Memory saving: Instagram redis practices

Source: Internet
Author: User

From: http://blog.nosqlfan.com/html/3379.html? Ref = rediszt

InstagramIt can be said that it is the first application of the online photo app and one of the hottest photo apps currently. The number of Instagram photos has reached 0.3 billion, while in Instagram, we need to know who the author of each photo is. below is how the Instagram team uses redis to solve this problem and optimize the memory.

First, this image ID lookup application has the following requirements:

    • Fast enough
    • Data should be stored in the memory, preferably on an EC2 high-Memory Model (17 GB or 34 GB, 68 Gb is too wasteful)
    • Suitable for the existing Instagram ArchitectureRedisHave some experience, such as this application)
    • Persistence is supported, so that no preheating is required after the server is restarted.

Instagram developers first deny the database storage solution. They maintain the KISS Principle (keep it simple and stupid) because this application does not use the database update function at all, the transaction and associated query functions are not required to maintain a database for these functions.

So they chose redis. redis is a persistent memory database, and all the data is stored in the memory (forget the VM ), the simplest implementation is to use the redis String Structure for a key-value storage. Like this:

 
Set media: 1155315 939get media: 1155315> 939

1155315 is the image ID and 939 is the user ID. We use each image ID as the key, and the user UID as the value to save it as the key-value pair. Then they tested and stored the data in the above method. 1,000,000 of the data would use 70 MB of memory, and 300,000,000 photos would use 21 GB of memory. Compared with the budget of 17 GB, the cost is overspending.

(Nosqlfan:In fact, here we can see an optimization point. We can remove the media with the same key value and store only numbers, so that the length of the key is reduced, reduce the memory overhead of the key value. [Note: redis's key value will not be converted from a string to a number, so we only save media: the overhead of these 6 bytes ]. After experiment,Memory usageIt will be reduced to 50 MB, and the total memory usage is 15 GB, which meets the needs, but any improvement after Instagram is necessary.)

As a result, the Instagram developer asked Pieter noordhuis, one of redis developers, about the optimization scheme. The reply was that the hash structure was used. The specific method is to segment data and store each segment in a hash structure. Because the hash structure compresses and stores a single hash element when there are not a certain number of hash elements, a large numberMemory saving. This does not exist in the above string structure. A certain numberHash-Zipmap-max-entries parameter. After a developer's experiment, when hash-zipmap-max-entries is set to 1000, the performance is better.
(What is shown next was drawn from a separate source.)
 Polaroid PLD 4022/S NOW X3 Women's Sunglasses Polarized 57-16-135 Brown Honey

If the hash-zipmap-max-entries is set to 1000, The hset command will cause a very high CPU consumption.

So they changed the scheme and saved the data into the following structure:

Hset "mediabucket: 1155" "1155315" "939" hget "mediabucket: 1155" "1155315"> "939"
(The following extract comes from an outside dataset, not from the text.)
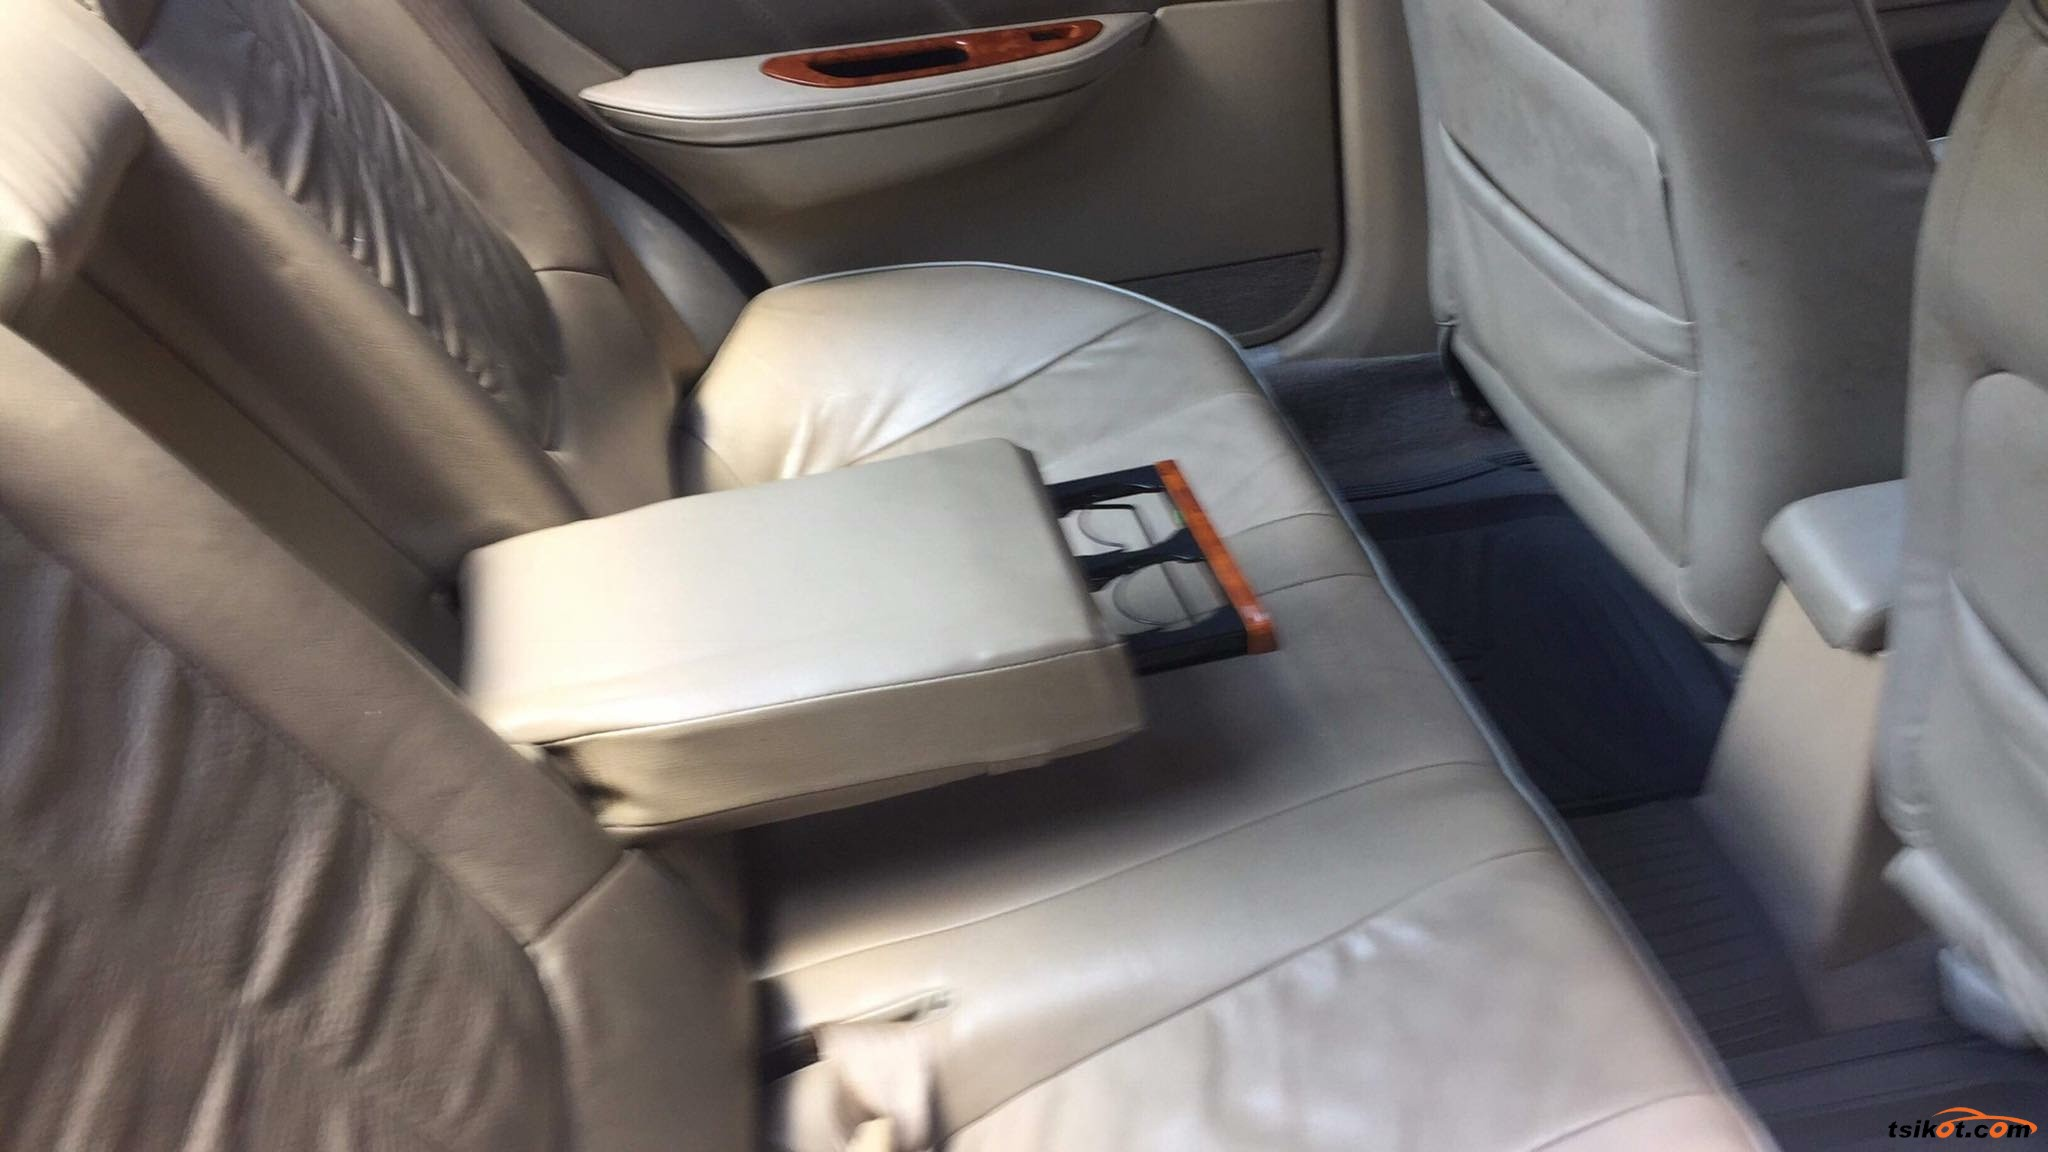 Nissan Sentra 2001 - 1

By taking the first four digits of the 7-Digit Image ID as the key value of the hash structure, each hash contains only three keys, namely, 1000.

In another experiment, the result is that every 1,000,000 keys only consume 16 MB of memory. The total memory usage also drops to 5 GB, meeting application requirements.

(Nosqlfan: Similarly, We can optimize it here. First, we can change the key value of the hash structure to a pure number, which reduces the key length by 12 bytes, the second is to change the subkey value in the hash structure to three digits, which reduces the overhead of 4 bytes, as shown below. After the experiment, the memory usage will be reduced to 10 MB, and the total memory usage is 3 GB.)

 
Hset "1155" "315" "939" hget "1155" "315"> "939"

There is no end to optimization. We hope that you can cherish the memory when using storage products.

Source: instagram-engineering.tumblr.com

Related Article

Contact Us

The content source of this page is from Internet, which doesn't represent Alibaba Cloud's opinion; products and services mentioned on that page don't have any relationship with Alibaba Cloud. If the content of the page makes you feel confusing, please write us an email, we will handle the problem within 5 days after receiving your email.

If you find any instances of plagiarism from the community, please send an email to: info-contact@alibabacloud.com and provide relevant evidence. A staff member will contact you within 5 working days.

A Free Trial That Lets You Build Big!

Start building with 50+ products and up to 12 months usage for Elastic Compute Service

  • Sales Support

    1 on 1 presale consultation

  • After-Sales Support

    24/7 Technical Support 6 Free Tickets per Quarter Faster Response

  • Alibaba Cloud offers highly flexible support services tailored to meet your exact needs.